Mickey and Minnie are riding camel-back through the Arabian Desert and happen upon a lively town. Dismounting within, the mice take some amusing photographs whilst their naughty camel slurps up the contents of a beer barrel. As Minnie Mouse backs away with her camera from Mickey, who is posing for the shot, a sultan (portrayed as Mickey's nemesis Pete) abducts her from behind a fence.

Mickey takes to the chase, but his intoxicated camel is of little use; finding out the sultan's palace, the mouse scales the wall and, through a window, enters a room in the building, where he finds a screaming Minnie struggling against the amorous villain. Breaking the sultan's grasp, Mickey becomes the target of the sultan's bullets. He hides Minnie in a flower pot, and prevails, through chance, over the sultan's well-armed men.

Mickey is pursued (while delicately balancing the flower pot in his hands) by the sultan himself, out the window, up the spiral stairway leading to the palace roof, thence to the next building over, where he drops the pot, only rescuing Minnie from the fall at the building's edge, from which he slips on account of a loose brick.
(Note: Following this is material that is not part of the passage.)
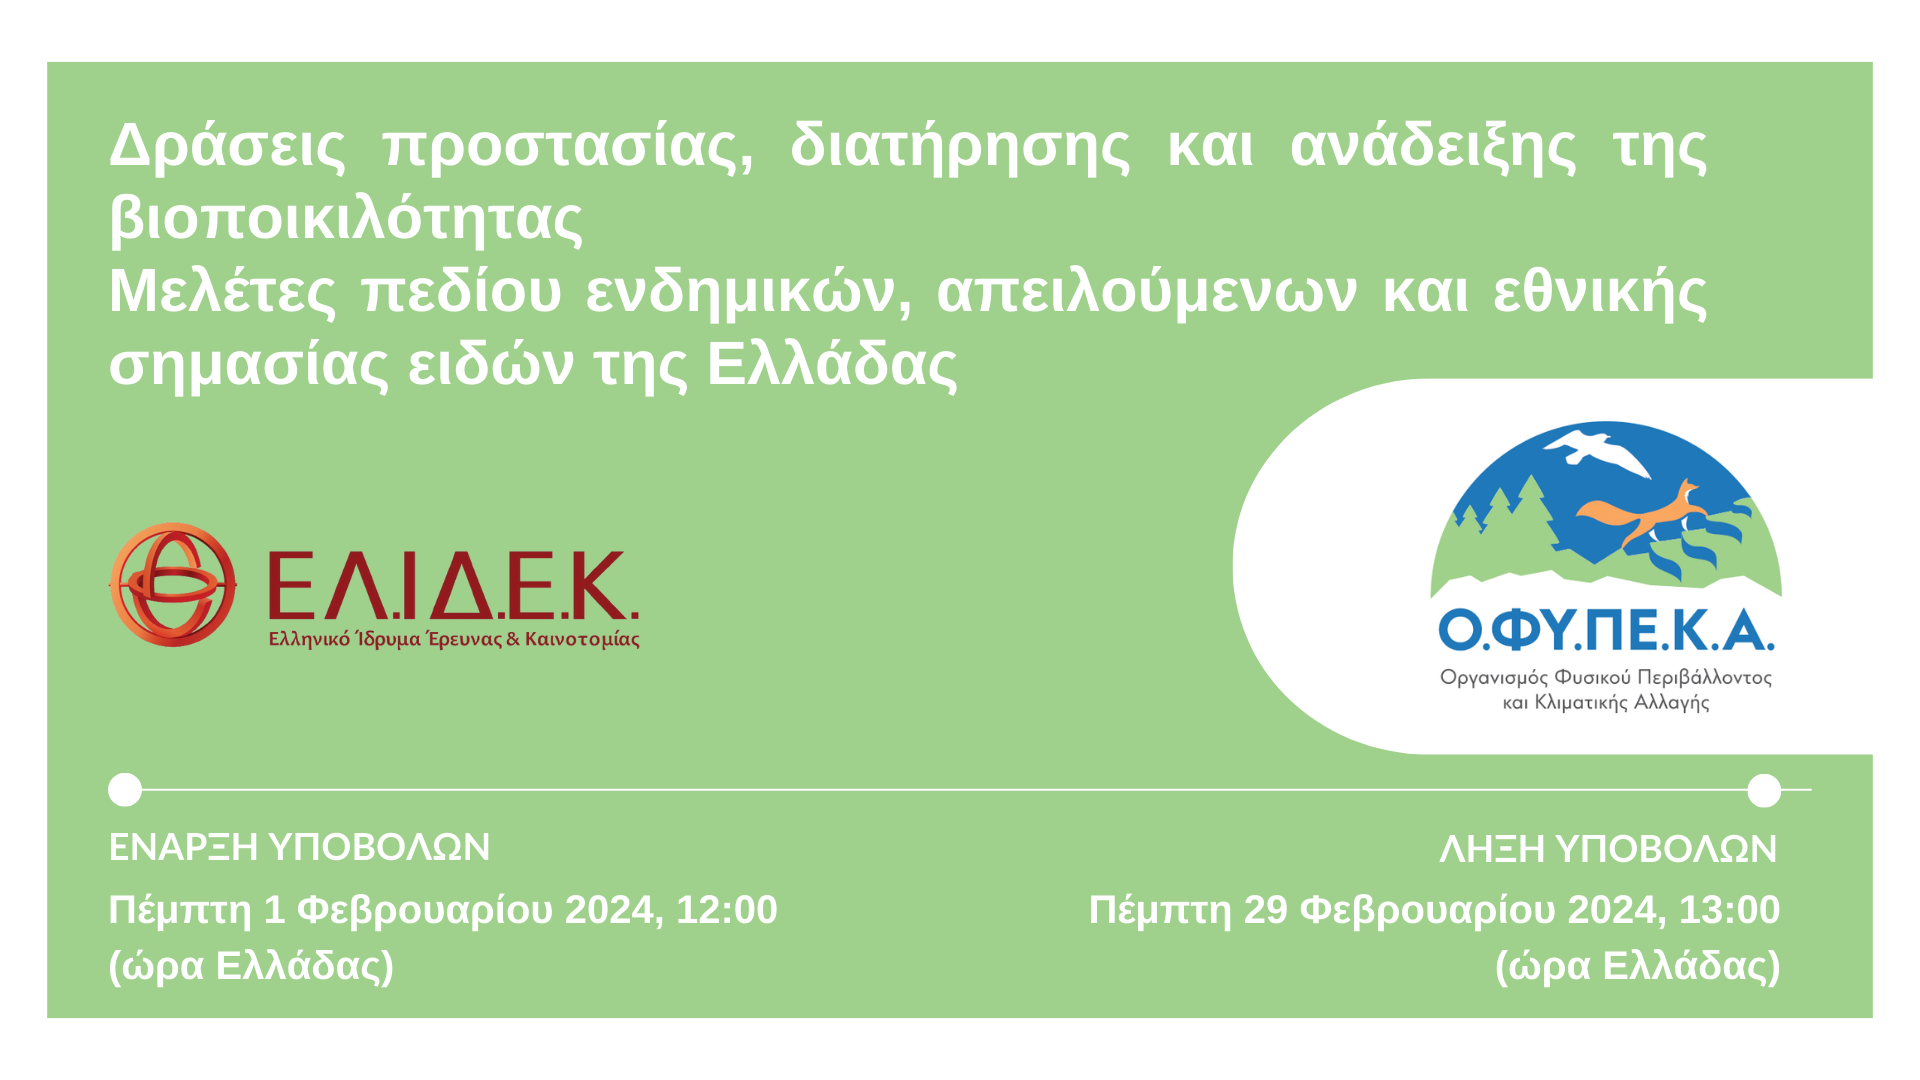 2η Προκήρυξη «Δράσεις προστασίας, διατήρησης και ανάδειξης της βιοποικιλότητας. Μελέτες πεδίου ενδημικών, απειλούμενων και εθνικής σημασίας ειδών της Ελλάδας»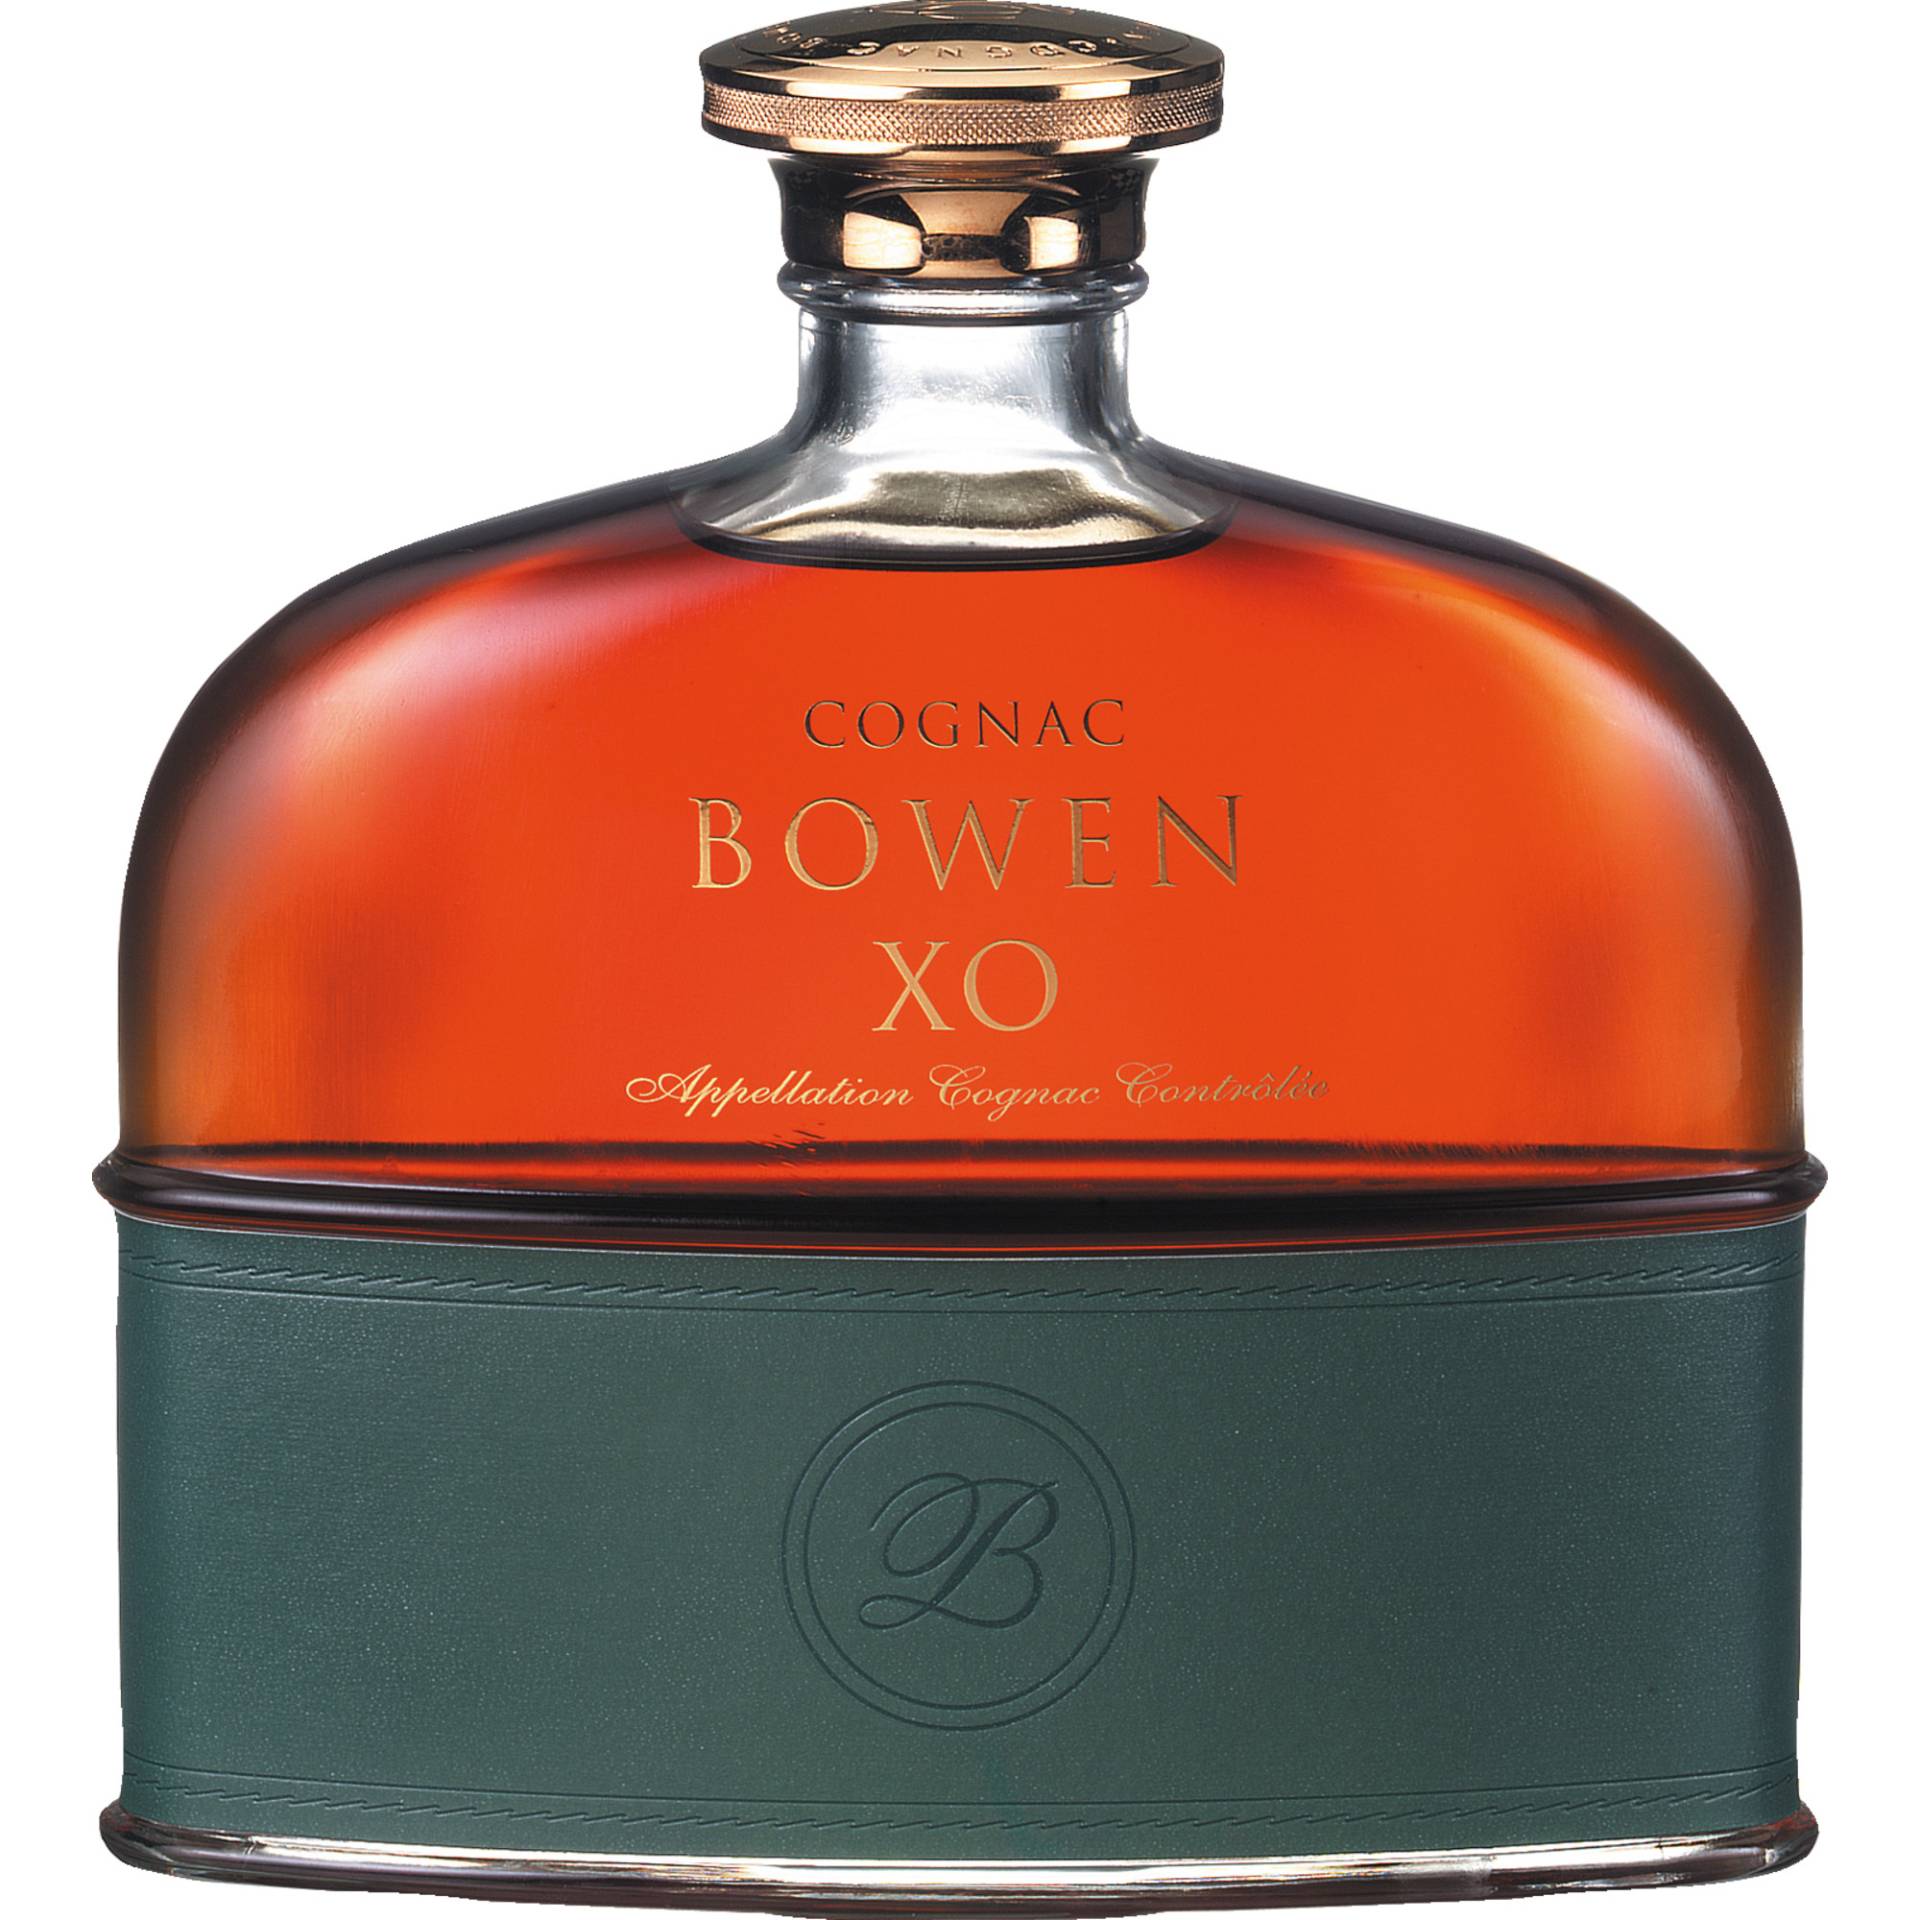 Cognac Bowen XO, Cognac AOP, 0,7L, 40% Vol., Geschenketui, Cognac, Spirituosen von Cognac Bowen, 51 Rue Élysée Loustalot, BP 86, 17412 St Jean d´Angély, Frankreich

Minnie and Mickey fall into an awning: the angry sultan, still in pursuit, leaps from the same edge, compelling Mickey to retract the awning, making the sultan's fall considerably less pleasant. The spears of the sultan's warriors, similarly avoided, make their way to the helplessly entombed sultan. The sultan rushes off, in pain, into the distance. Mickey calls his camel, and, with Minnie, rides off happily.

==Voice cast==
- Mickey Mouse: Walt Disney
- Minnie Mouse: Marcellite Garner
- Pete: Pinto Colvig
- Camel: unknown
- Armed men: unknown

==Home media==
The short was released on December 7, 2004, on Walt Disney Treasures: Mickey Mouse in Black and White, Volume Two: 1929-1935.